When Chuck describes his father (and this is admittedly a bit of a leap on my part), it’s defensible to surmise that Chuck inherited the work ethic of a man who wanted to become his own boss and run his own business, and his brother inherited the personable nature of a man who was beloved by the community that he served. Chuck is still infuriated by the fact that for all of his accomplishments, his screw-up jailbird of a brother can waltz into his home, rattle off a bevy of lawyer jokes, and entertain and engage with his wife more easily than Chuck (or his non-sequitur attempt at the same type of humor hours later) is able to. There’s disappointment in his expression, and a sense of indignation at what Jimmy can manage without ever having to struggle for it. It clearly strikes Chuck as more than unfair.

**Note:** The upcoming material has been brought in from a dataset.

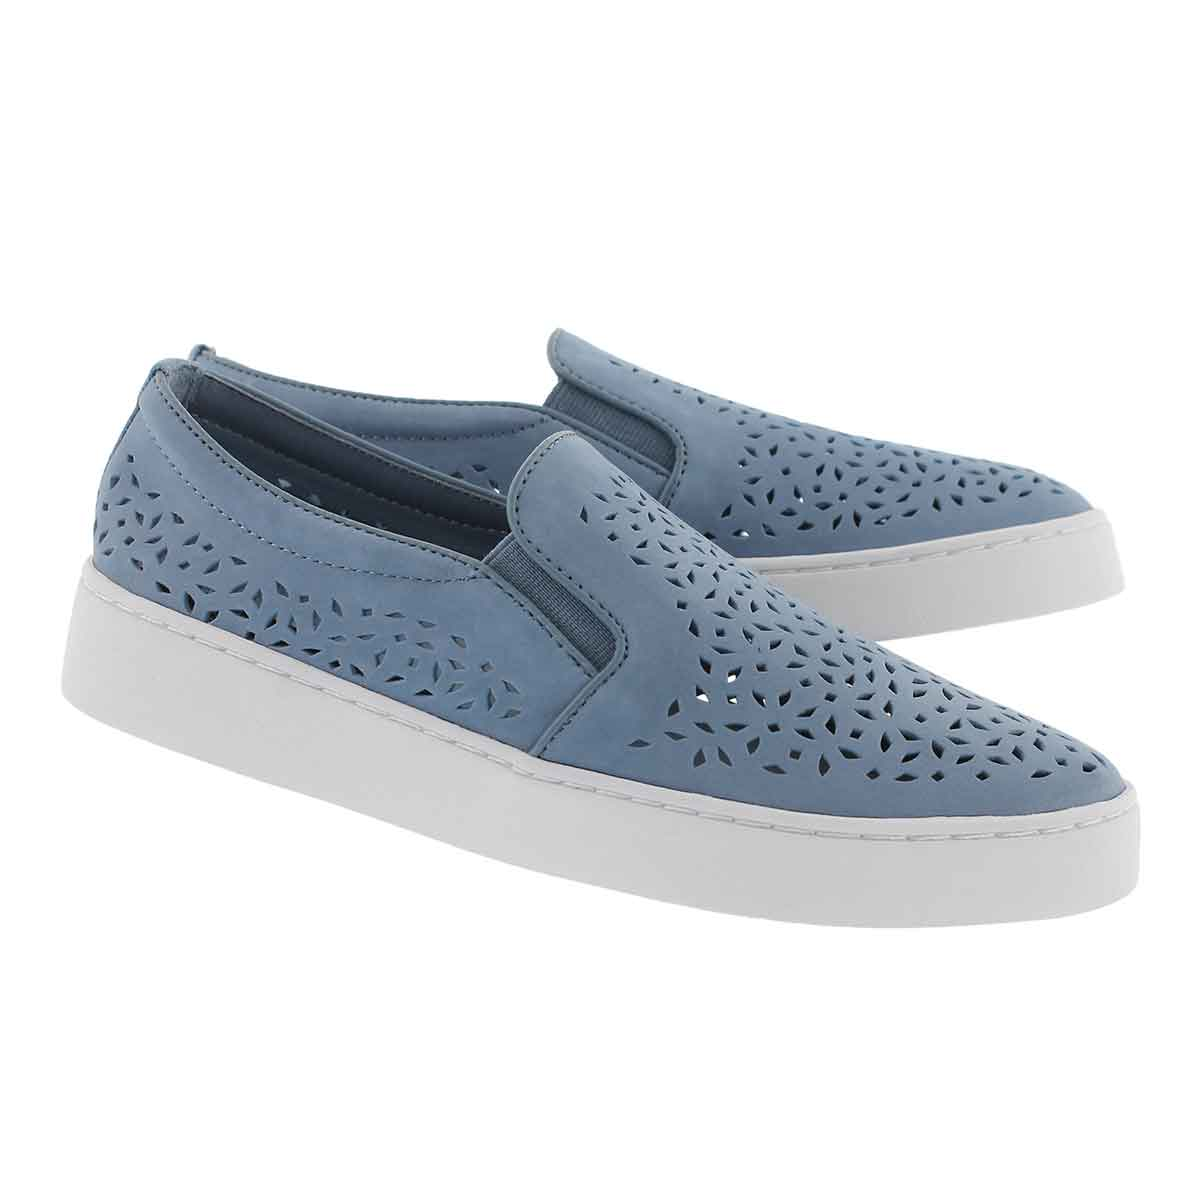 Lds Midi Perf lt blu casual slip on shoe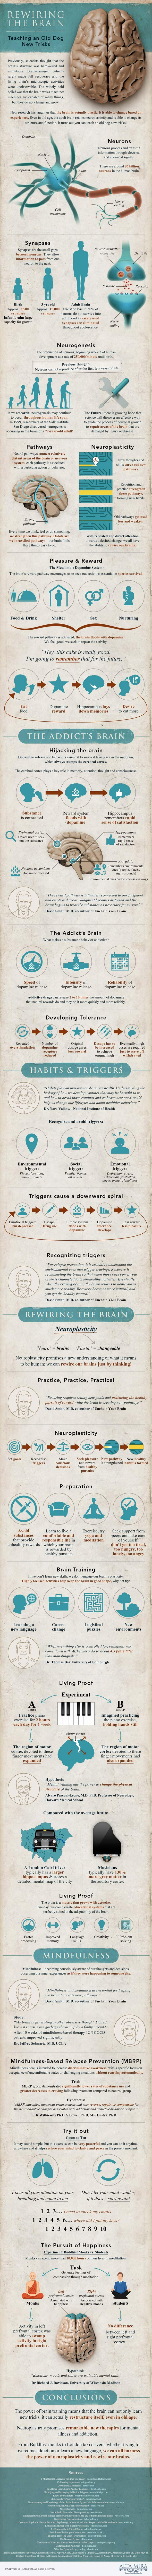 Neuroplasticity Infographic

There are also a number of hints at what lurks in Chuck’s psyche during those scenes. His advice to his wife about dealing with an unruly individual in her orchestra and his admonition that it’s “her reputation too,” are both reflections of how Chuck views not only his brother and his own good name, but what he sees as the appropriate measures for preserving each. What’s more, as Mrs. Bloom observed, the first image we see in the episode is Chuck screwing in light bulbs, and it coincides with the first appearance of his wife in the series. That fact, combined with the very deliberate way in which their scenes together are lit suggest that she is a light in the darkness to him, and that her absence–whether it be because of an untimely death or a separation that came about, at least in part, because Chuck lacked Jimmy’s easy charm–had a profound effect on him.
But as Chuck fruitlessly tugs on his ear, there’s a sense that he’s tired of Jimmy’s routine, of the way his brother ingratiates himself to those around him as a first step toward taking advantage of them. And Kim is beginning to see that side of Jimmy as well.
Kim is someone who, as the episode goes to great lengths to show, has to earn everything she has the hard way and fight even harder to keep it. Chuck’s story suggests that he was once the same kind of person. And now, as they become something approaching unlikely allies, a dissenting view of the nascent Saul Goodman emerges — the king of quick fixes, the man who can talk his way out of any problem, is not above using the people he cares about for his own ends, not because he’s bad, not because he’s cruel, but because it’s the only way he knows how, and the people who enable him are left to bear the brunt, and the scars, of his failures.